## AIM OF THE EXERCISE:
Transcription, pictures excluded: write out the data below exactly.

## STORED DATA:
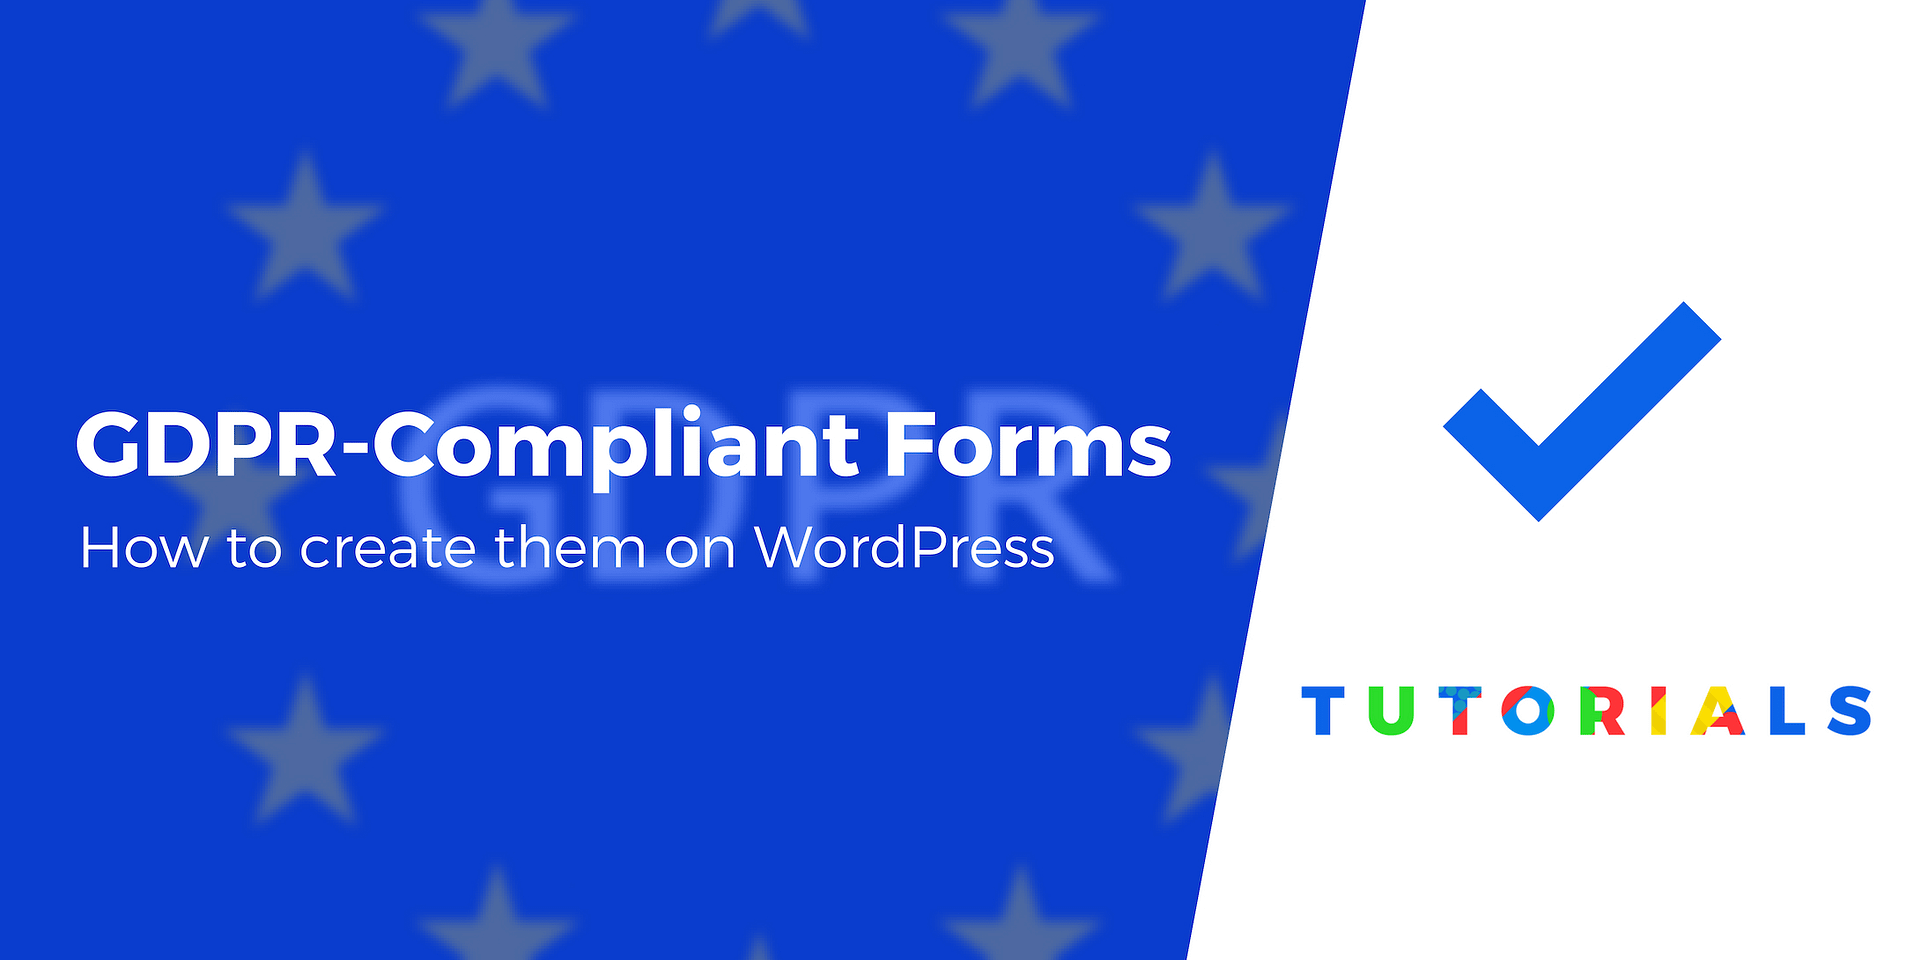 How to Create GDPR-Compliant Forms on Your WordPress Site
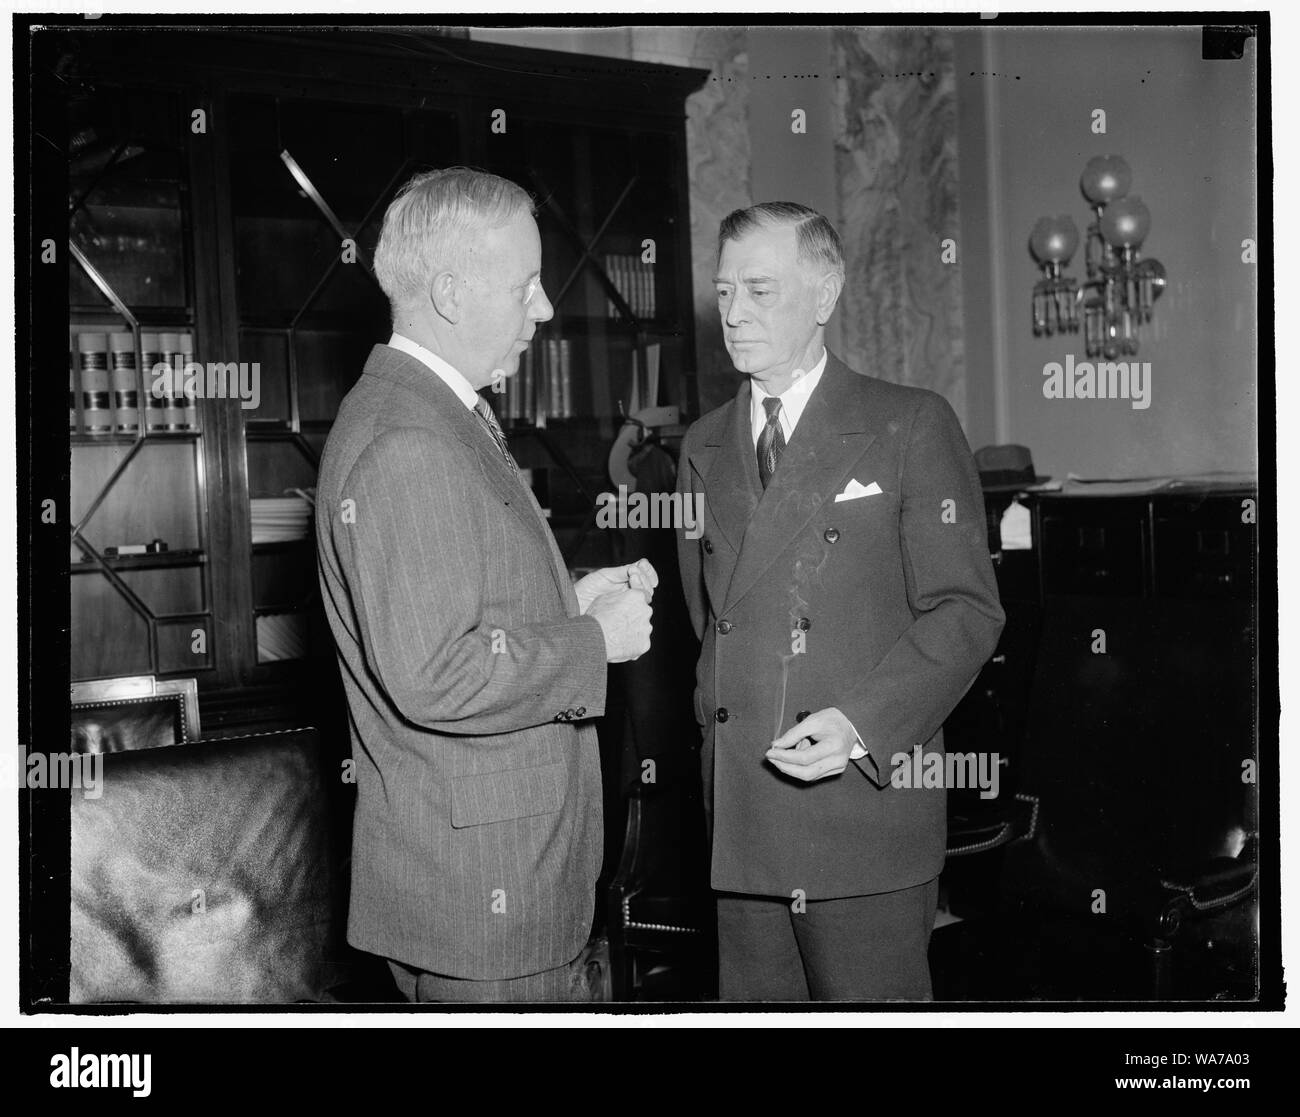 Admits Army finance office honored allegedly fraudulent CCC vouchers. Washington, D.C., Jan. 18. Major General Walter L. Reed, (left) Inspector General of the Army, today told Senator Key Pittman, Chairman of the Senate Public Lands Committee, the Army Chief Finance Offi[...] honor allegedly fraudulent CCC vouchers in go[...] faith. Reed made this declaration as he was [...] by the committee on the alleged defalcations o[...] Stitley, former Chief Voucher Clerk for the CCC [...] totaling $87,000, 1/18/38 Stock Photo
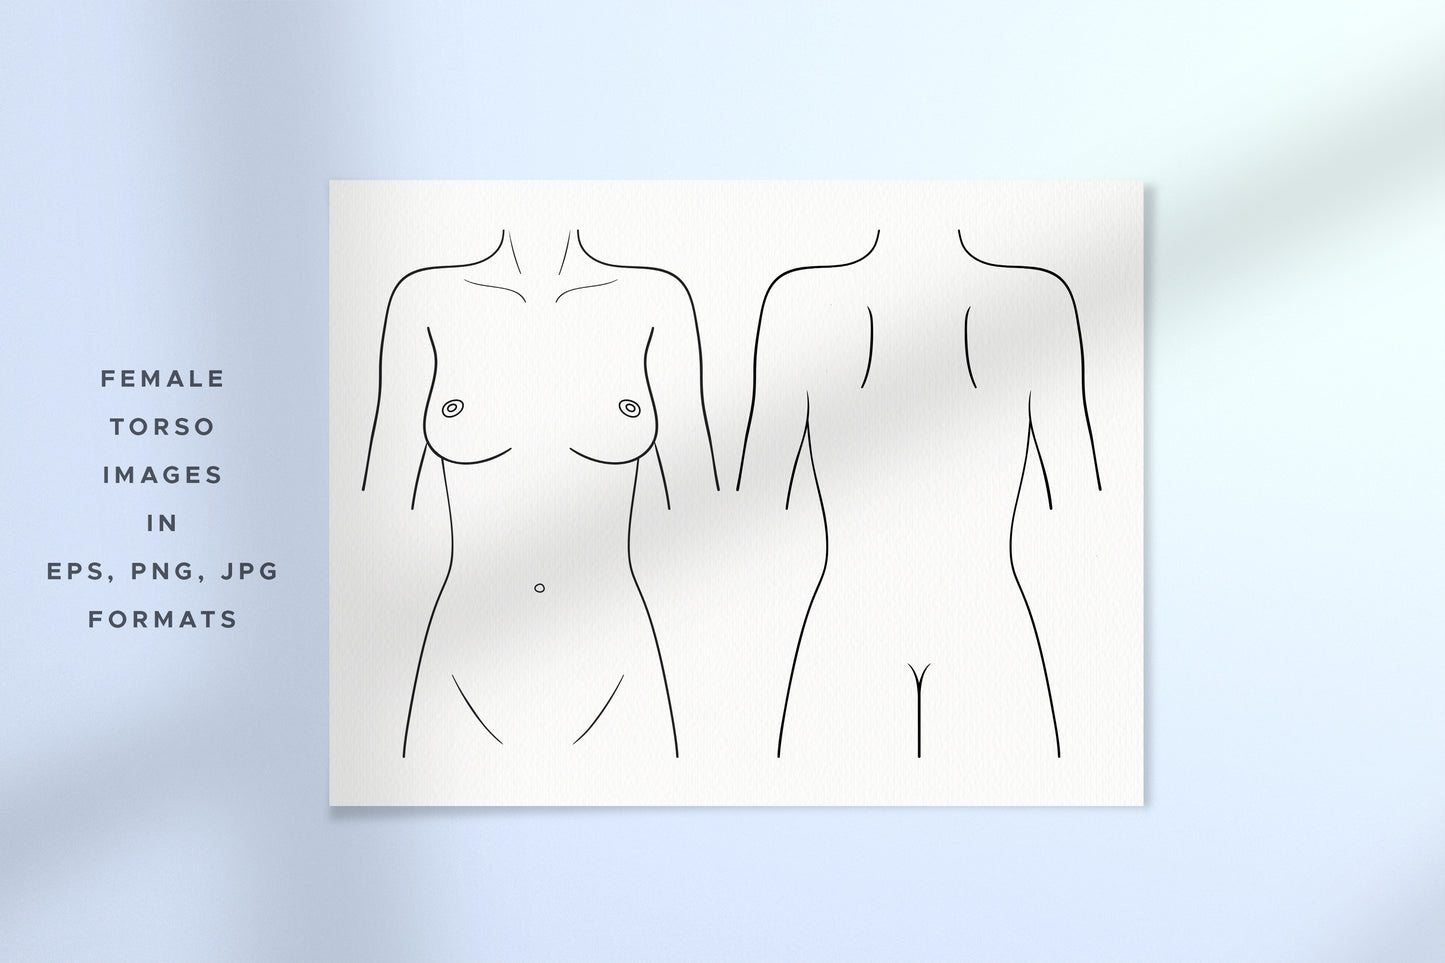 HUMAN BODY & PARTS Line Art Graphic Collection

## ANSWER TO THIS PROBLEM:
 How to Create GDPR-Compliant Forms on Your WordPress Site
 Admits Army finance office honored allegedly fraudulent CCC vouchers. Washington, D.C., Jan. 18. Major General Walter L. Reed, (left) Inspector General of the Army, today told Senator Key Pittman, Chairman of the Senate Public Lands Committee, the Army Chief Finance Offi[...] honor allegedly fraudulent CCC vouchers in go[...] faith. Reed made this declaration as he was [...] by the committee on the alleged defalcations o[...] Stitley, former Chief Voucher Clerk for the CCC [...] totaling $87,000, 1/18/38 Stock Photo
 HUMAN BODY & PARTS Line Art Graphic Collection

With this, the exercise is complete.